Cette disposition intangible du code des collectivités locales permettra aux acteurs d’éviter toutes toutes formes de concurrence déloyale. Au regard de ces dispositions du CGCT , l’administration territoriale chargée du contrôle de la légalité doit véhément veiller l’application de de loi .

 

Le senegal est aujourd’hui à la croisée des chemins qui mène vers l’achèvement de la pyramide institutionnelle de la décentralisation. Cet ambitieux chantier qui doit accompagner les réformes dans les territoires,(les pôles territoires où agropoles) constituent les réceptacles des nouvelles politiques publiques initiées par nos régimes actuels..

 

Toutes ces considérations d’ordre politiques et économiques constituent les enjeux majeurs des années à venir. C’est justement l’une des raisons du regain d’intérêt de la part des politiciens.

 

Nous tous avons constaté durant ces dernières années, les vagues de transhumance de haut niveau vers les communes , on ne sait pour quelle raison, les populations ont l’obligation de jouer ce rôle de rempart pour endiguer ce phénomène.
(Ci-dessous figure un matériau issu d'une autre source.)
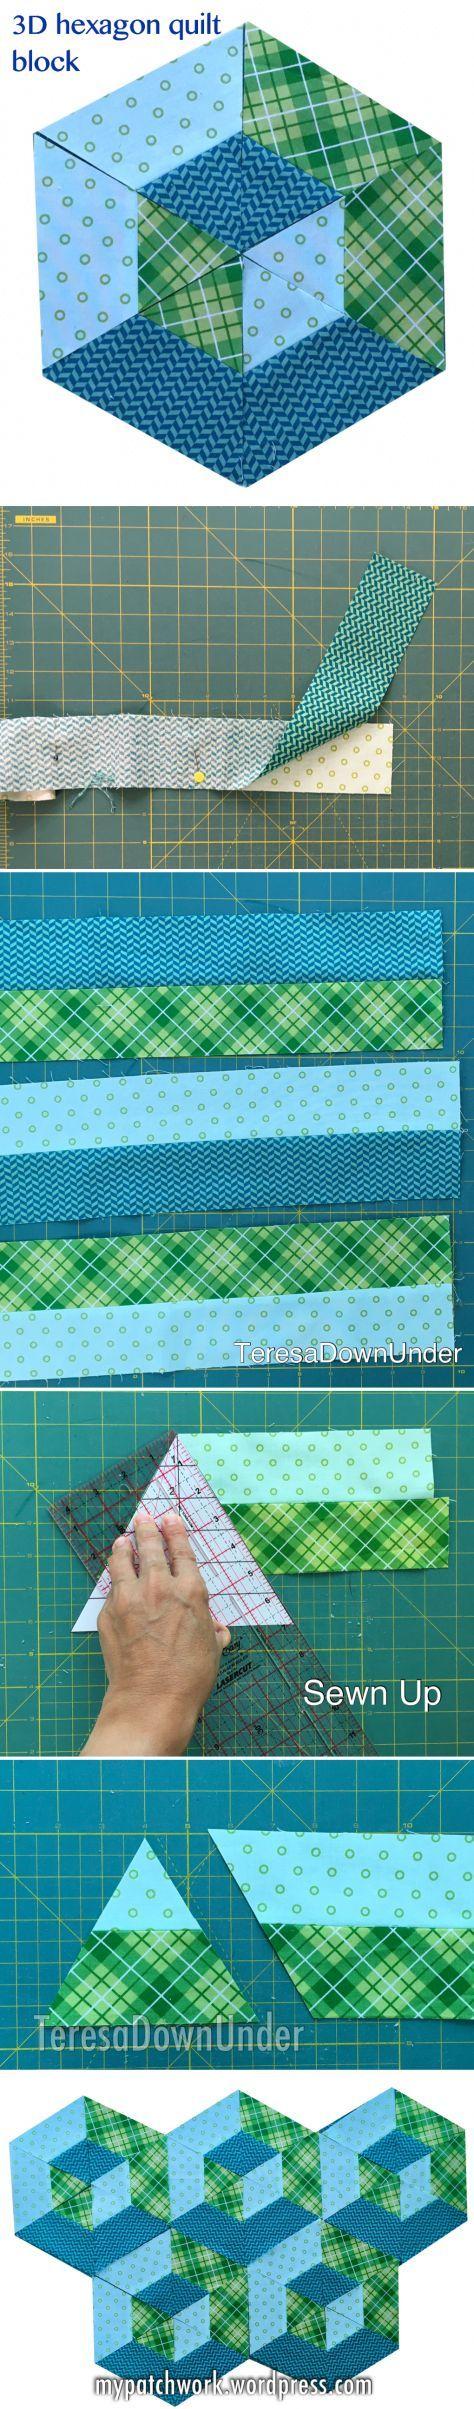 Best 25+ Quilting ideas ideas on Pinterest | Quilting, Baby quilt ... : quilts ideas - Adamdwight.com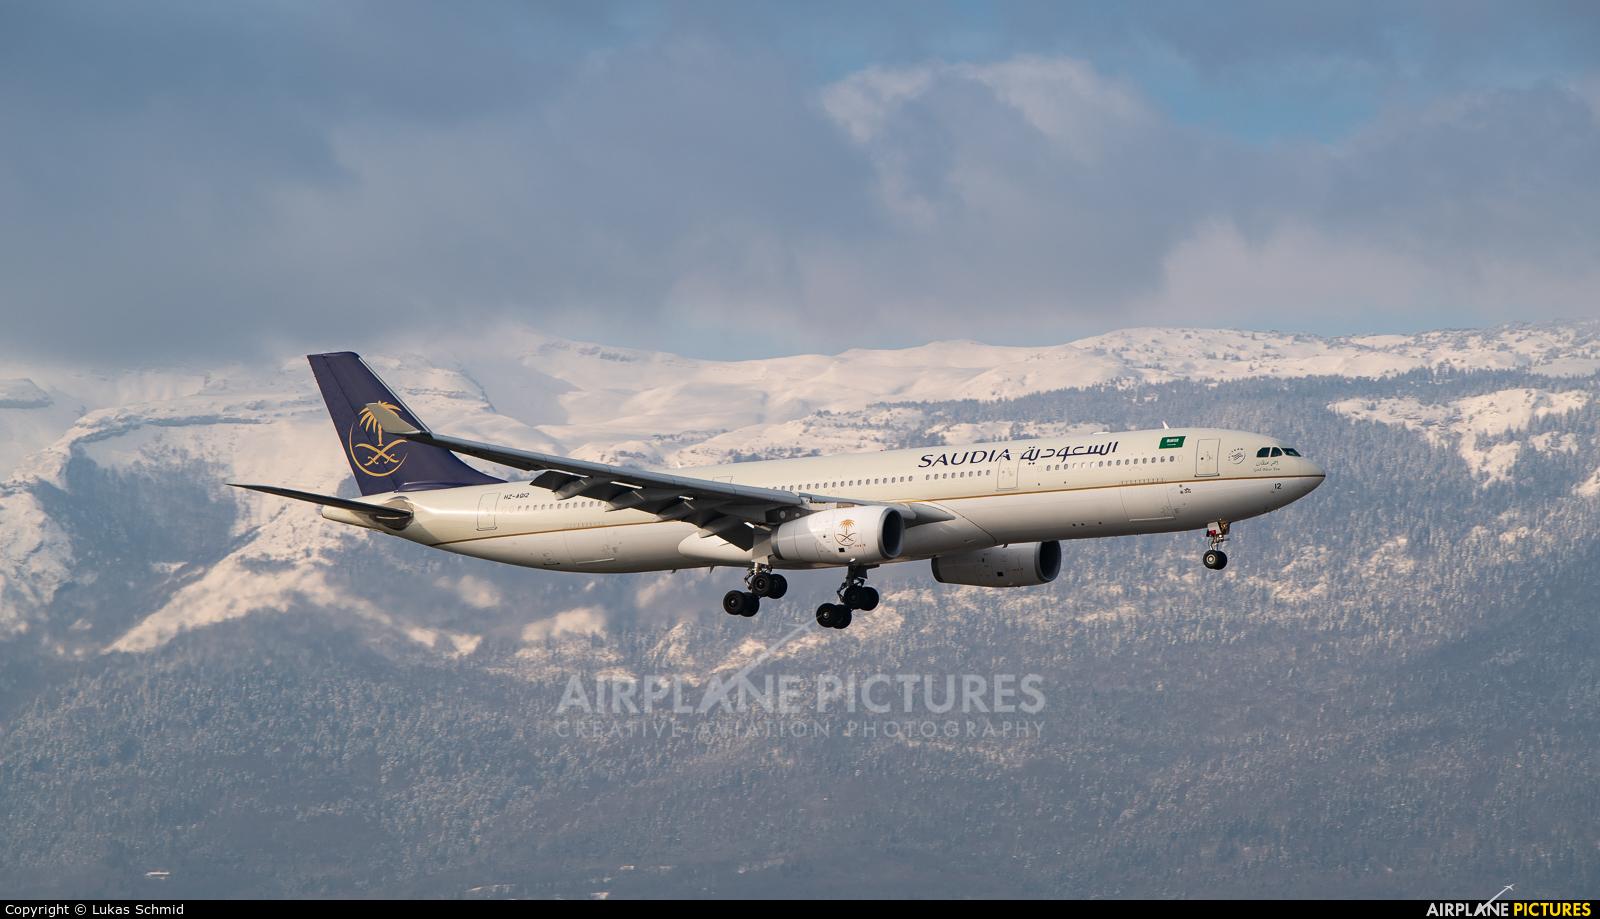 Saudi Arabian Airlines HZ-AQ12 aircraft at Geneva Intl

Force est de rappeler, bien que prévu légalement par les textes, le transfert de votre d’un lieu à un autre ne saurait être un prétexte pour ouvrir la voie à une concurrence déloyale. Et aux populations la balle est dansleurcamp car  » nul ne peut se prévaloir de sa propre turpitude »

Moussa Fall , Président de l’alliance Pour le Développement Local (APRODEL)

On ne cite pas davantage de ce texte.